Barbara Dennerlein (born 25 September 1964 in Munich) is a German jazz organist. She has achieved particular critical acclaim for using the bass pedalboard on a Hammond organ and for integrating synthesizer sounds onto the instrument, and was described by critic Ron Wynn as "the most interesting jazz organist to emerge during the 1980s".

Career

Early years
Dennerlein was born and grew up in Munich, Germany. She began playing the organ aged 11 after receiving a small Hohner instrument for Christmas. She was encouraged by her grandfather to learn a musical instrument, and her parents were both jazz enthusiasts. She took formal lessons for two years under the instruction of Paul Greisl, who had a Hammond B-3. She immediately became interested in the instrument and that it contained a bass pedalboard, unlike her Hohner. After some searching, since the instrument was then out of production, she acquired her own Hammond aged 13 from her parents. She began to play concerts aged 14, and the following year, she played in a jazz club for the first time. When leading her own bands, Dennerlein was often the youngest musician in the group, and she learned to cooperate with more experienced musicians. Her local reputation as the "Organ tornado from Munich" spread after her first TV appearances in 1982.

Recordings
When her third LP Bebab was issued, Dennerlein established her own record label in 1985 and assumed her own management duties, because she felt not enough support from either her existing label or from Hammond, who wanted to promote later digital models rather than the B-3 she used. She received two German Record Critics' awards for self-produced albums. Later, she made three recordings for Enja Records and three for Verve Records. On these recordings she worked with Ray Anderson, Randy Brecker, Dennis Chambers, Roy Hargrove, Mitch Watkins, and Jeff "Tain" Watts.

Instruments
Dennerlein modified a Hammond's pedalboard to trigger samples of an acoustic bass and, impressed with results, decided to modify the manuals to play samplers too.

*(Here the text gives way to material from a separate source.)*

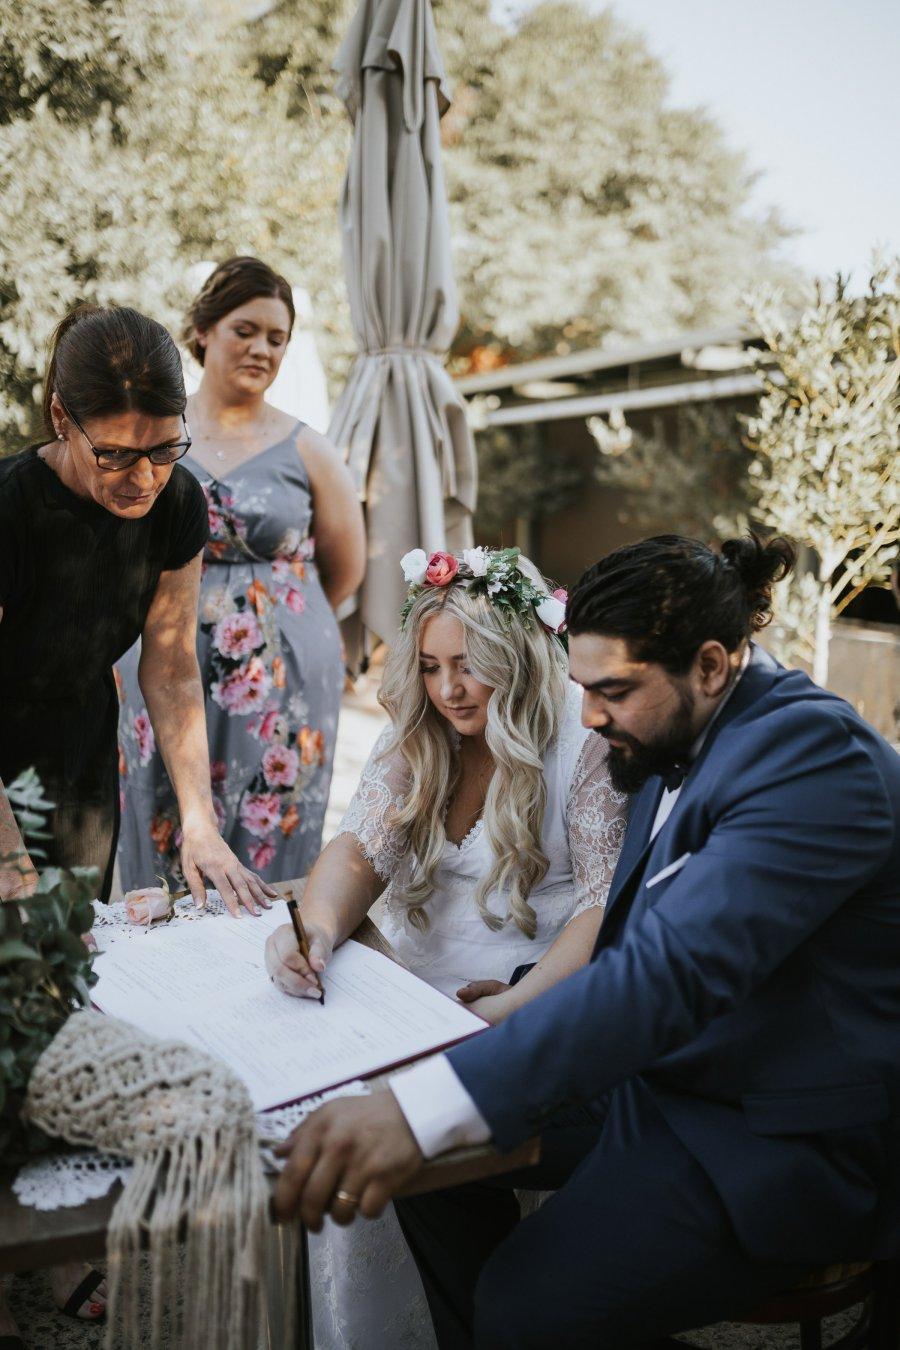 Ebony Blush Photography | Perth wedding Photographer | Perth City Farm Wedding | Imogen + Tristian69

Her performances include solo performances, as well as quintets (e.g. her "Bebab" band). In both, she uses MIDI technology and triggers built into pedals and manuals to trigger synthesizers and samples to her sound.

After a variety of projects and after playing with unconventional musicians, such as Friedrich Gulda, Dennerlein started playing the pipe organ in 1994. Since 2003, she has also developed jazz projects with symphonic orchestras, including a collaboration with the Berlin Philharmonic Orchestra on the Karl Schuke organ.

Compositions
Dennerlein claims to have been primarily influenced by jazz and was not initially interested in classical or church music, although it was and is popular in Germany. She has never been enthusiastic about formal music theory, preferring to learn things through improvisation. However, she has further said that her main influence from jazz is the ability to mix other musical styles as desired, saying "To me, jazz is a synonym for freedom. Freedom from prejudice and discrimination".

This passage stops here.